Chizu sits on a bench and finishes the coffee in her flask. She watches the girls light the last of the fireworks, just as Sanae's friend sorts through the photos Dai had taken of the pair the previous year. As the darkness deepens, Sanae plays with the musical mug, as she watches the bus pull into the stop beneath her balcony. Chizu sits at home with a cuppa and a snack, while Natsu cycles home and parks her bike before going inside.
Such Dielmanesque details remind us of the discreet charm of the inconsequentialities that make up so much of our days. Kiyohara and cinematographer Yukiko Iioka capture the unremarkable comings and goings without prying, as they play out in a setting that becomes a character in its own right. The boxy buildings and wide roads receive less attention than the nooks and crannies and the glorious greenery, as Chizu gets unconcernedly lost, Sanae diligently does her rounds while keeping an eye on the elderly residents, and Natsu flits between moments of quiet reflection and upsurges of terpsichorean exhilaration. But a real sense of Tama New Town emerges, complete with the good intentions behind its planning and the unfortunate realities that have undermined them, as Kiyohara touches on everything from the enduring legacy of economic recession, the shift away from public housing, the impact of social conservatism on the lives of Japanese women, and the ongoing decline in birth rates.

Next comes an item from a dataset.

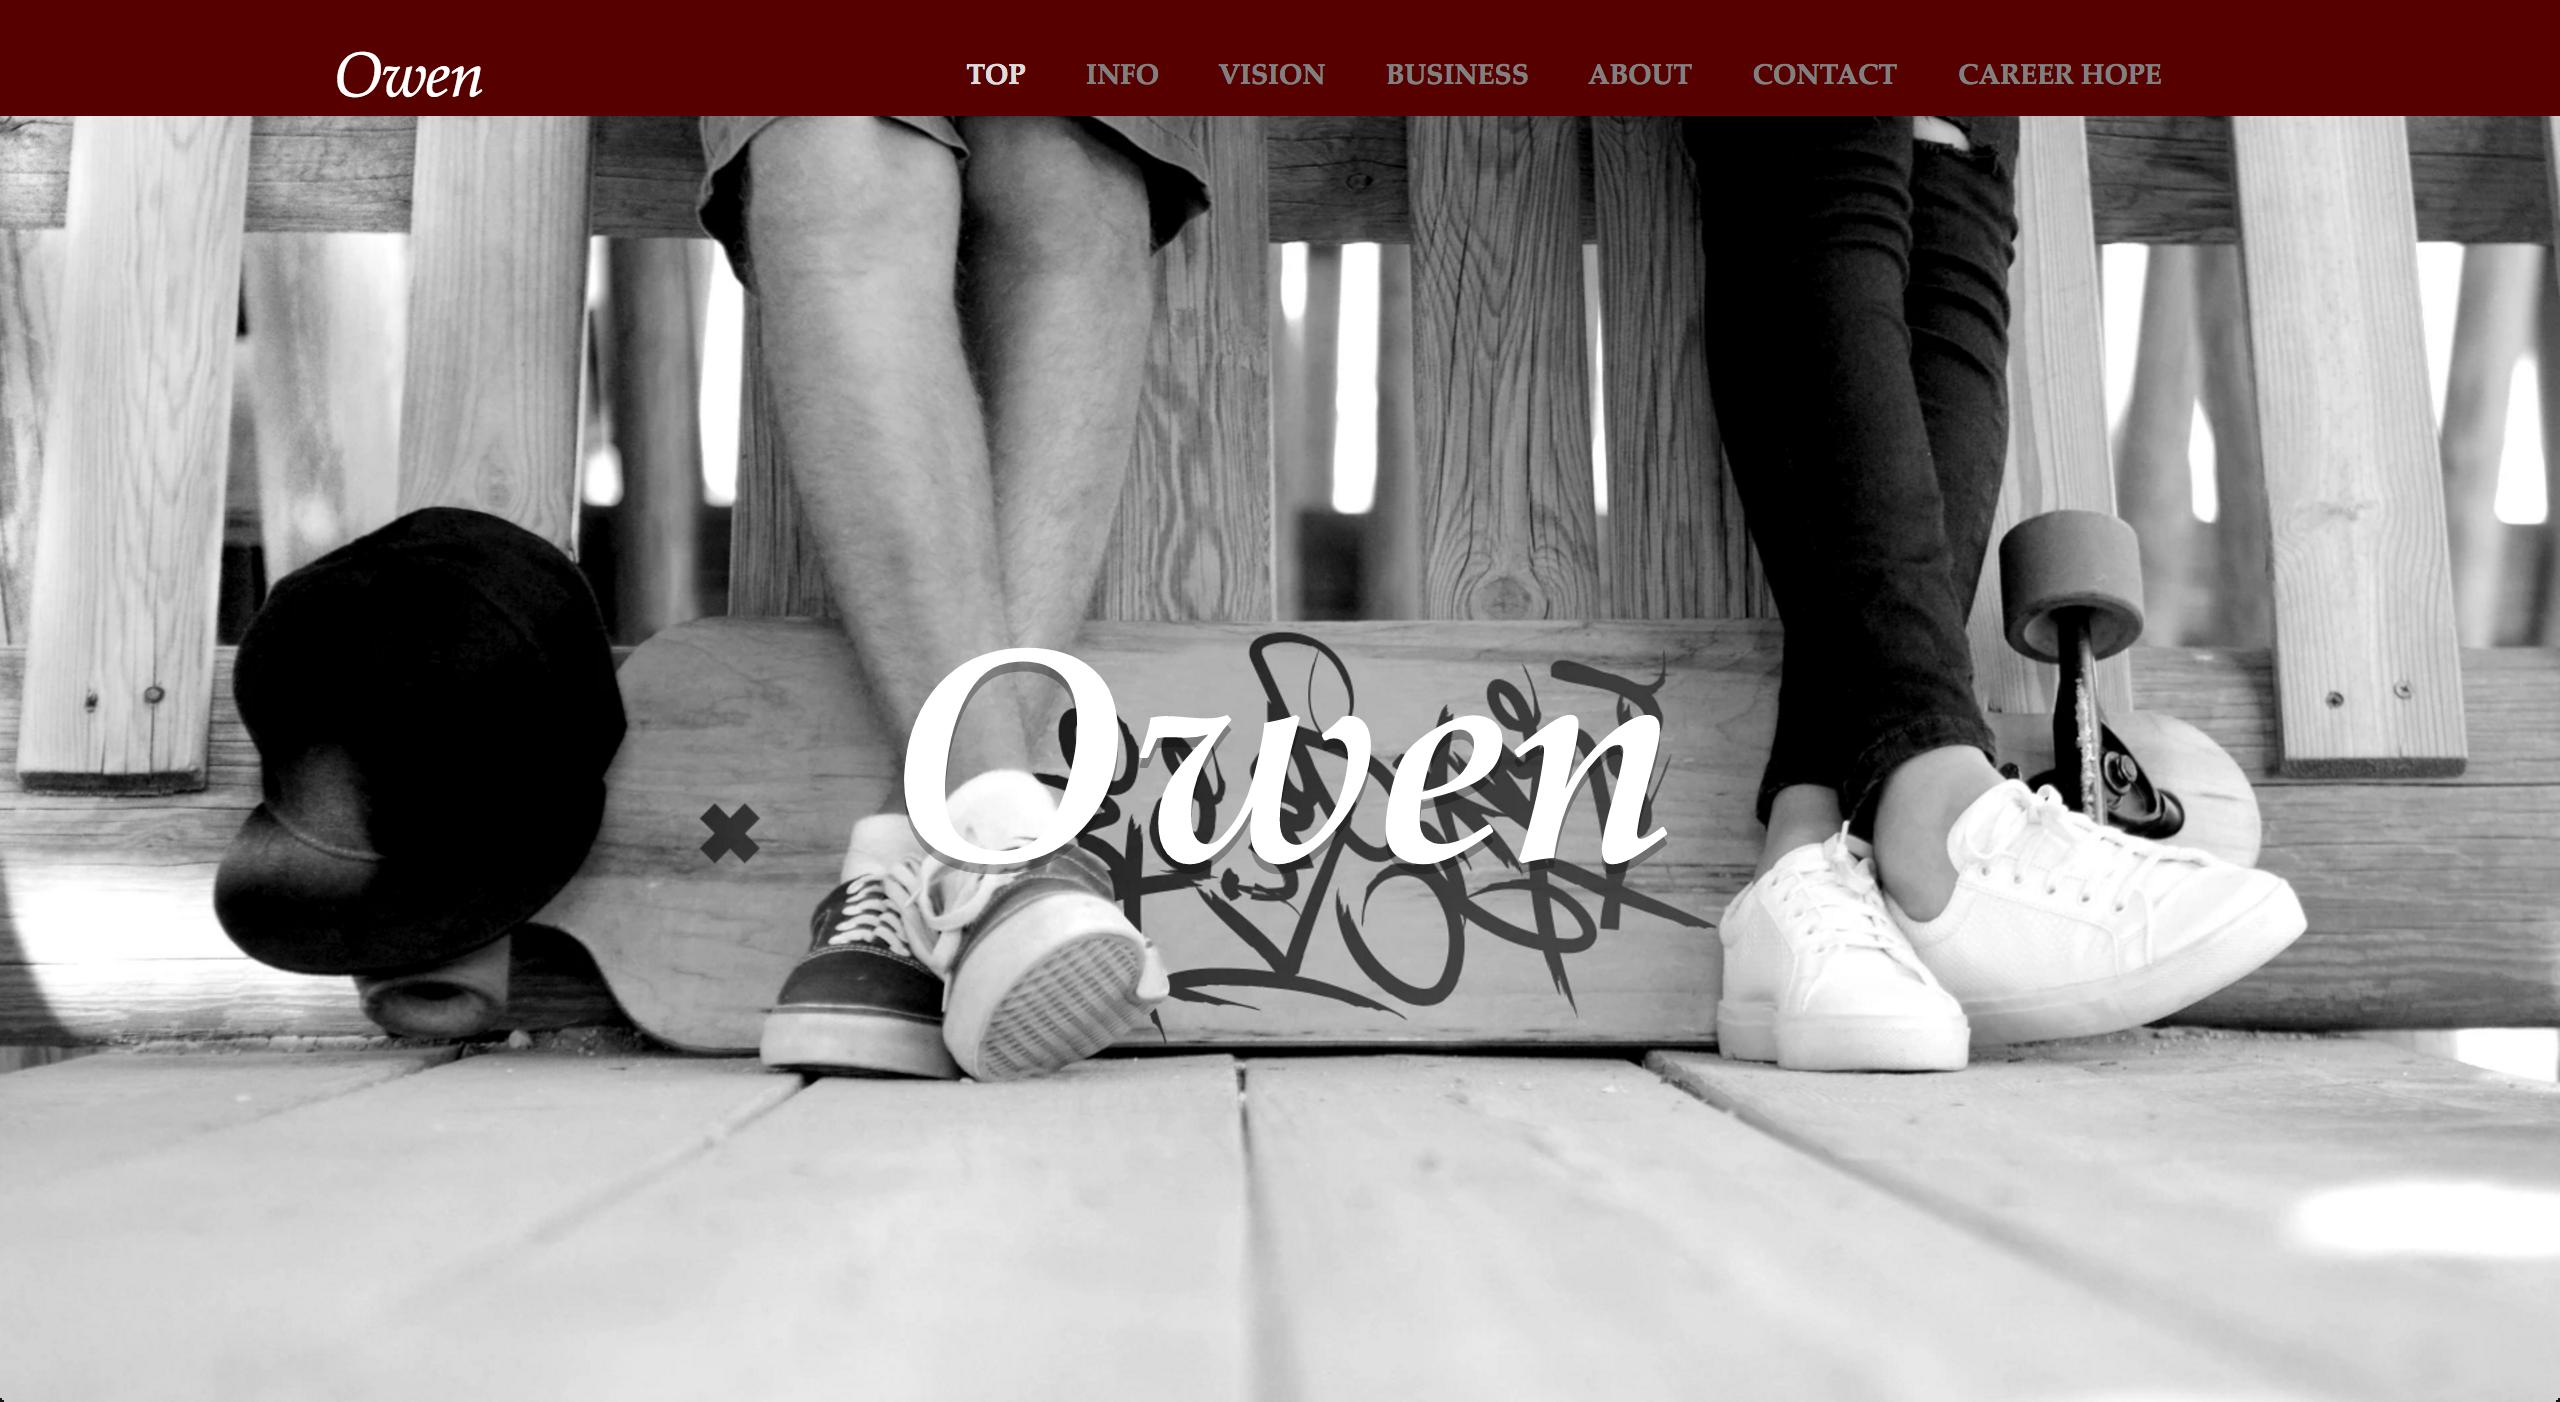 Owen株式会社
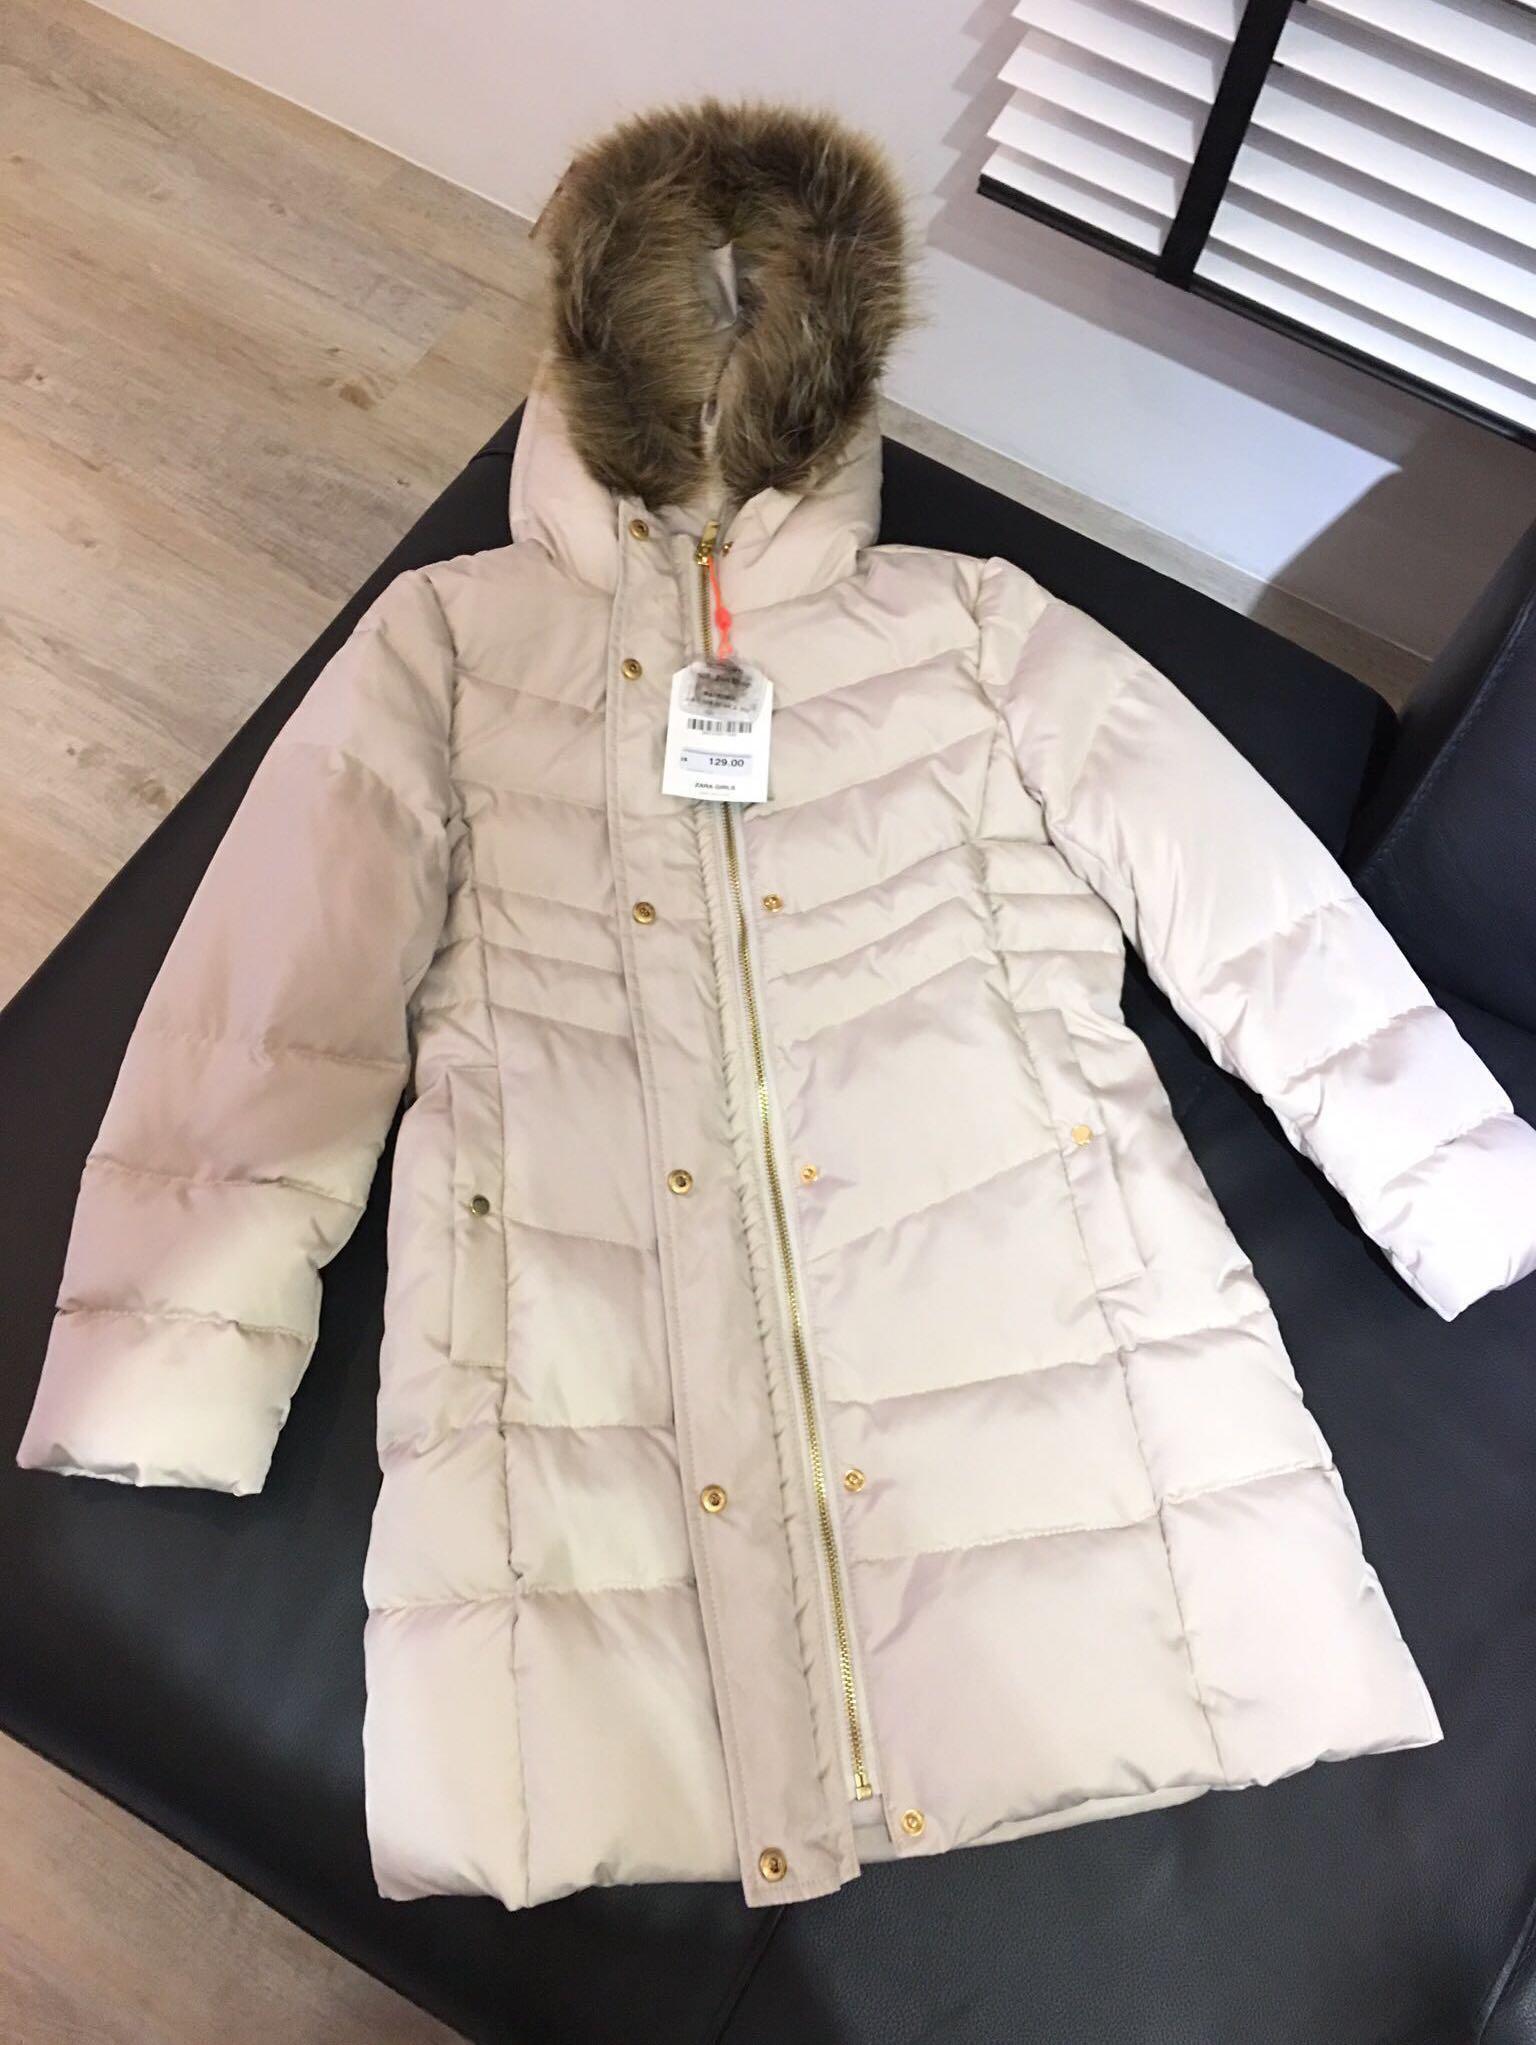 1dab0058f1d6 Preloved Zara down jackets 🧥 for kid

The godfather of neo-realism, Cesare Zavattini, once claimed that `the ideal film would be ninety minutes in the life of a man to whom nothing happens'. Despite adding two women and an extra half-hour, Kiyohara takes him at his word here, although one also senses the influence on her and editor Azusa Yamazaki of such fine pacers of quotidian action as Naomi Kawase, Hong Sang-soo, and, of course, Chantal Akerman. It all adds up to an intriguing snapshot that leaves the viewer thinking they have got to know the three (deftly played) women, while not actually learning very much about them at all.
The same goes for the ad hoc combo in the opening scene, although it's tempting to suggest that the delightfully quirky score (actually by jon no son) is them in action. Complementing these short snatches is the sublime sound mix produced by Hwang Young-chang, which irresistibly draws attention to the number of foliage-rustling trees dotted around Tama New Town. They gracefully reinforce the notion that immediacy, ephemerality, and memory are forever jostling in any given life and that we should make the most of every second and respect even the most distant background players in our own little dramas.